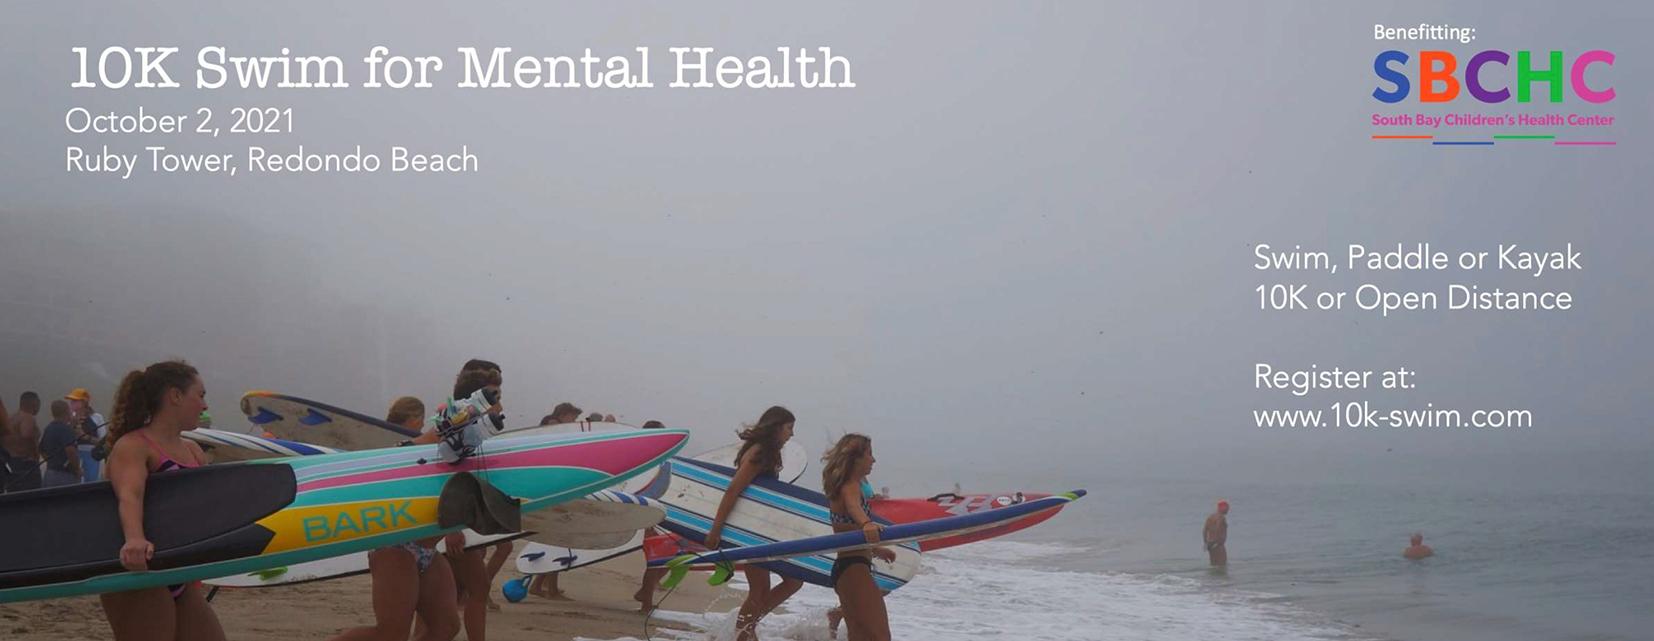 10K Swim for Mental Health
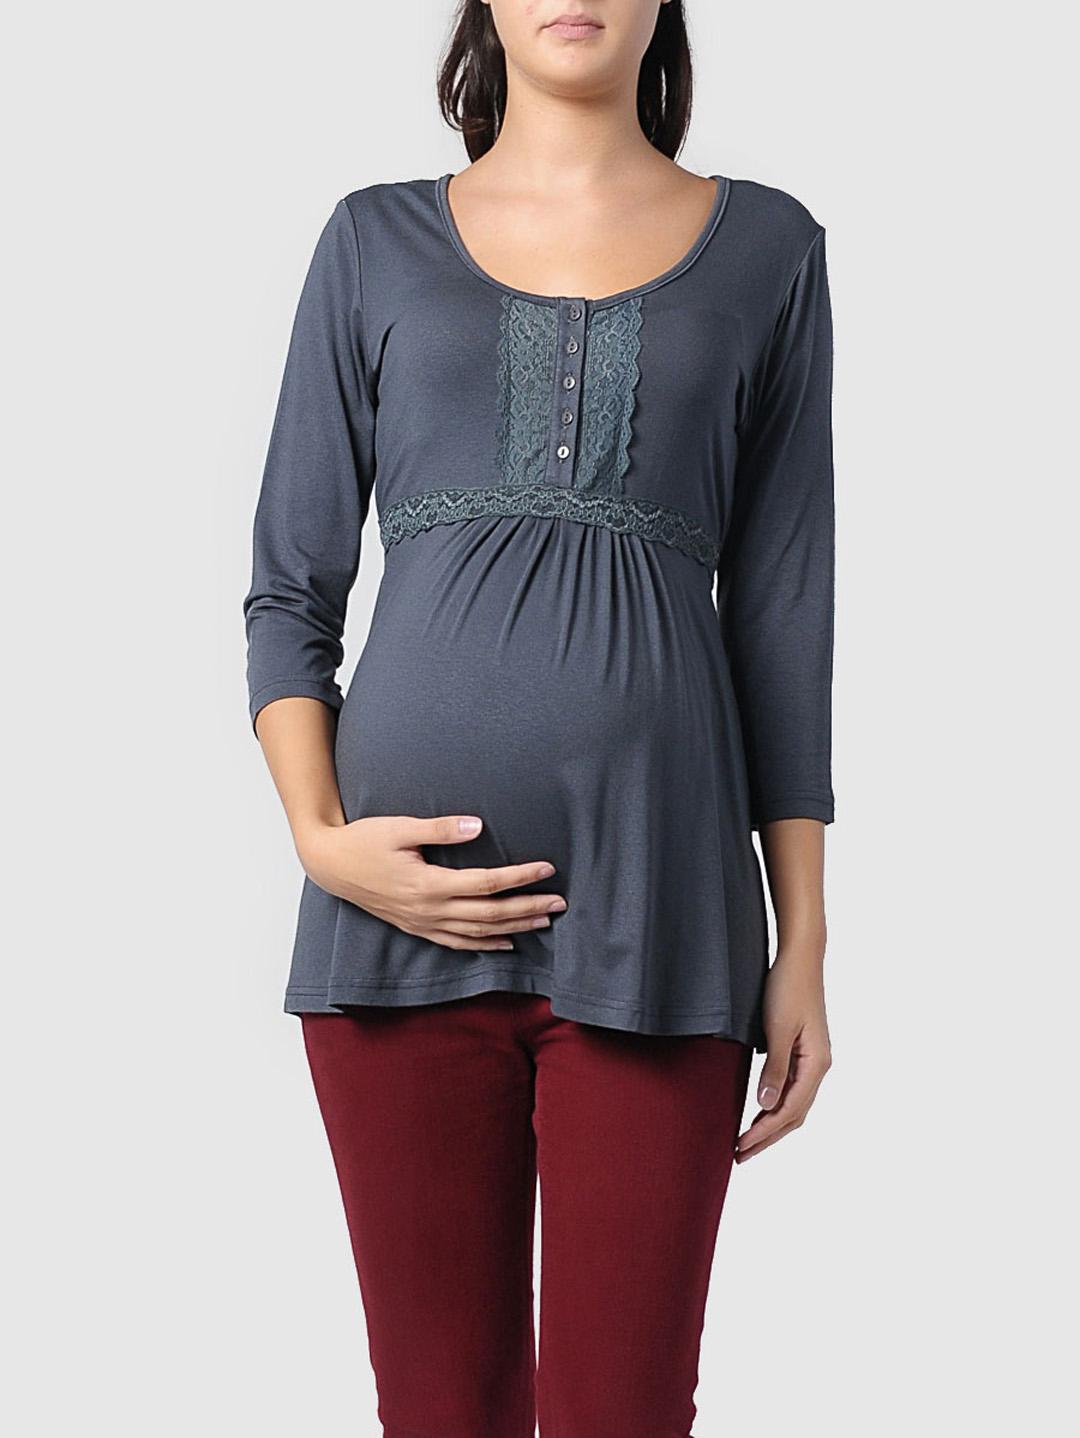 Maternity clothing fashions
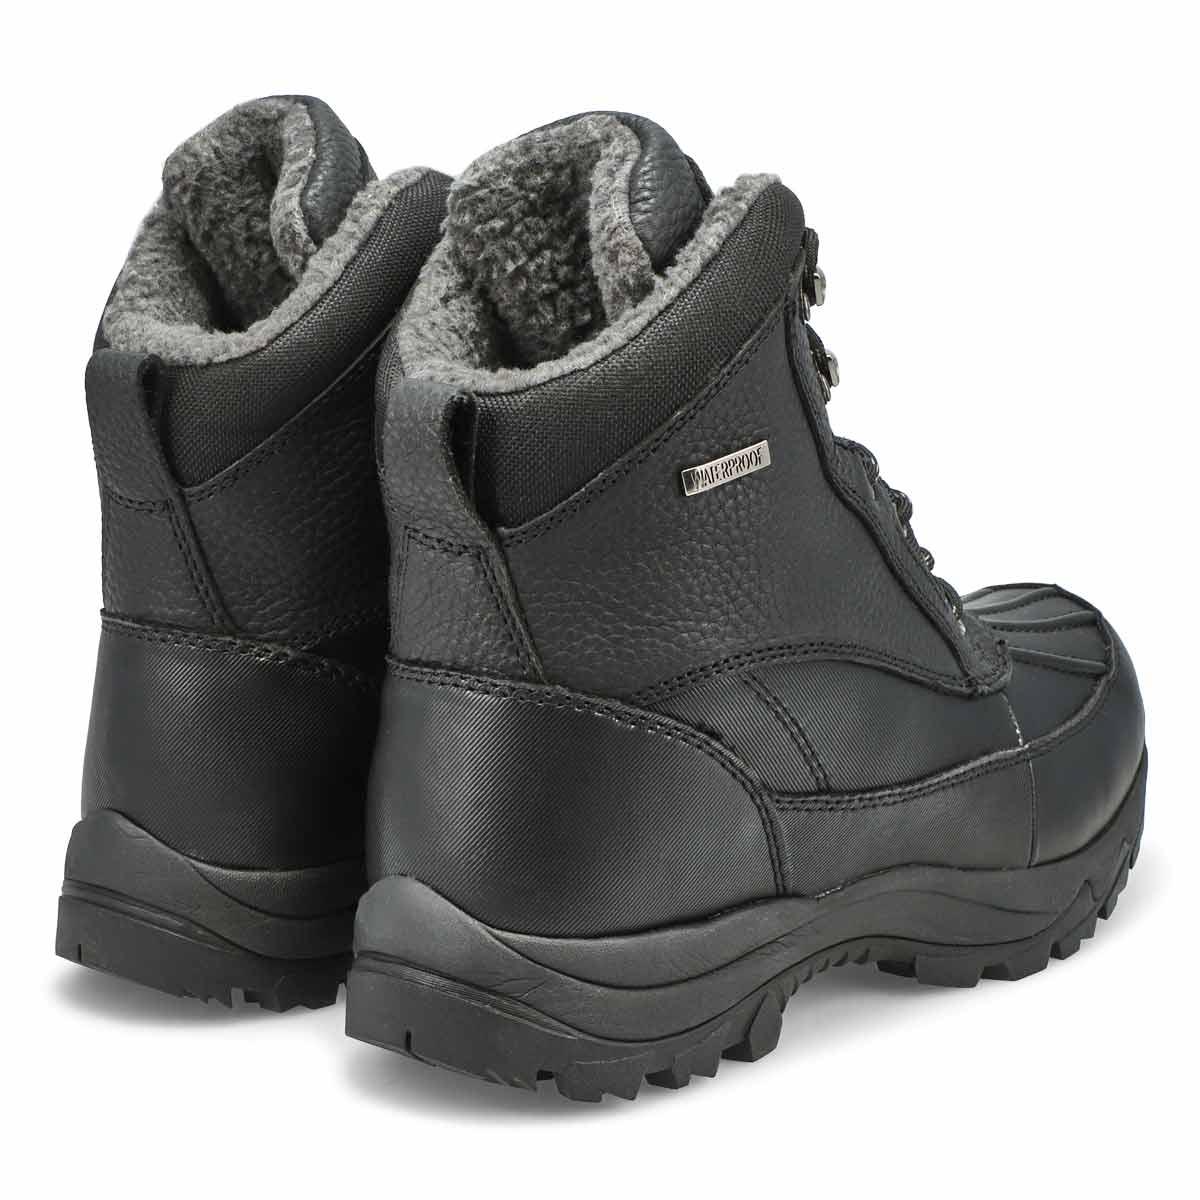 Mns Murphy black wtpf winter boot
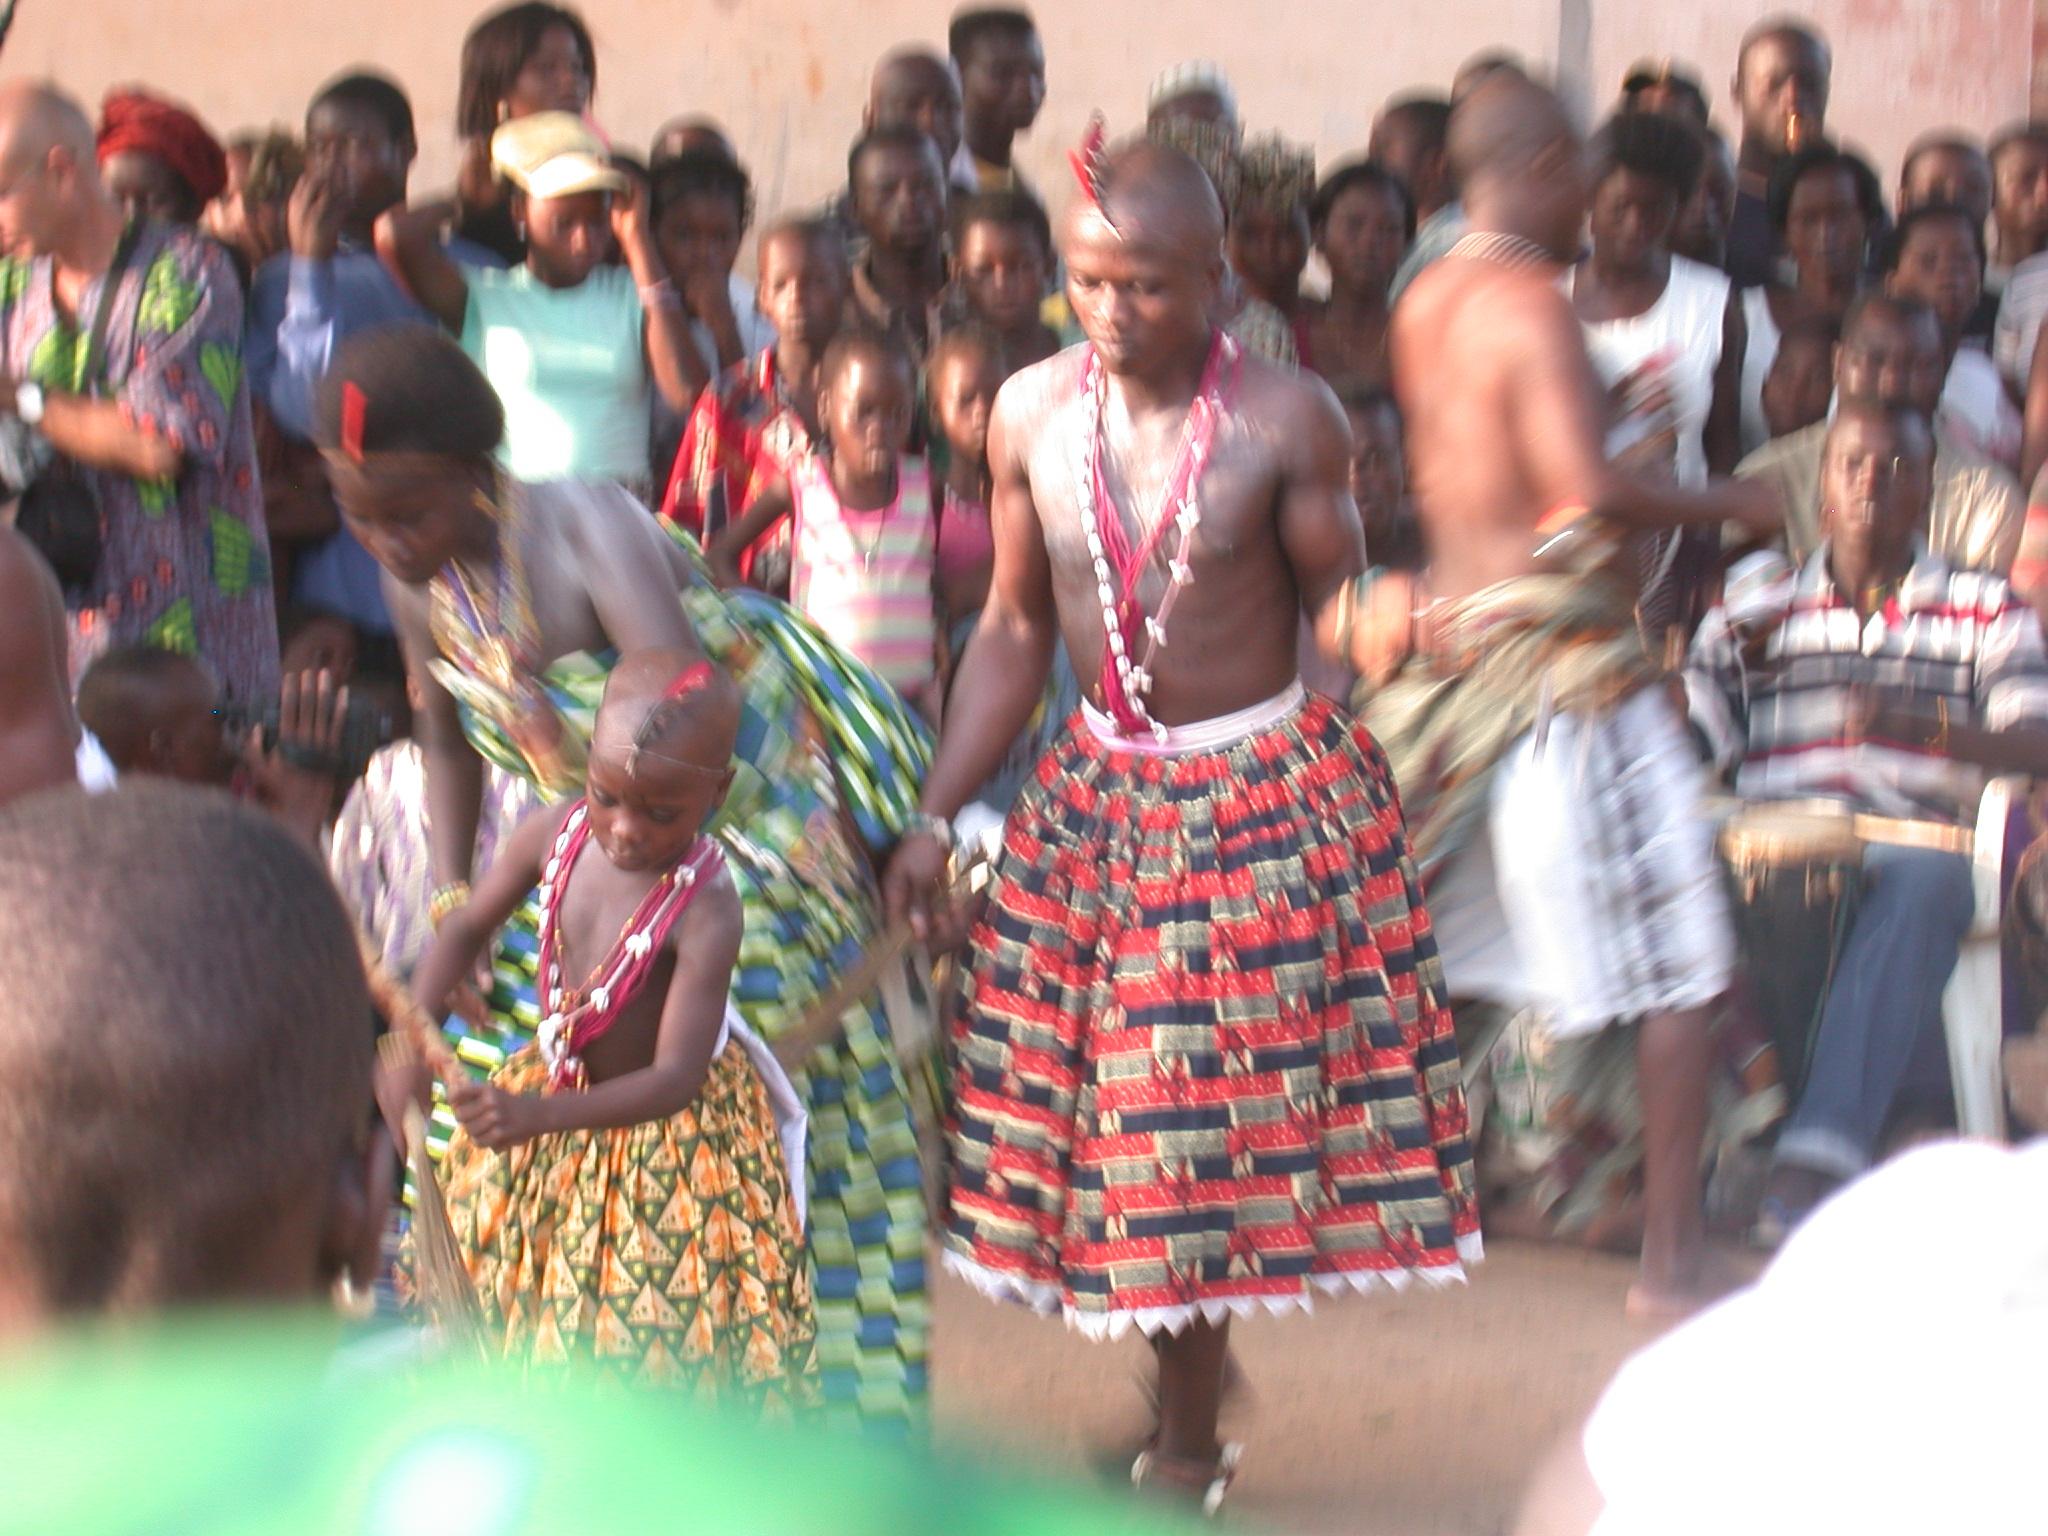 Devotees Continue Dancing, Vodun Ritual, Ouidah, Benin

» **Work request**: Drop the pictures, then transcribe the lines from the one containing "Mns Murphy black wtpf winter boot" to the end of the data above, exactly and nothing more.

» **Worked solution**:
 Mns Murphy black wtpf winter boot
 Devotees Continue Dancing, Vodun Ritual, Ouidah, Benin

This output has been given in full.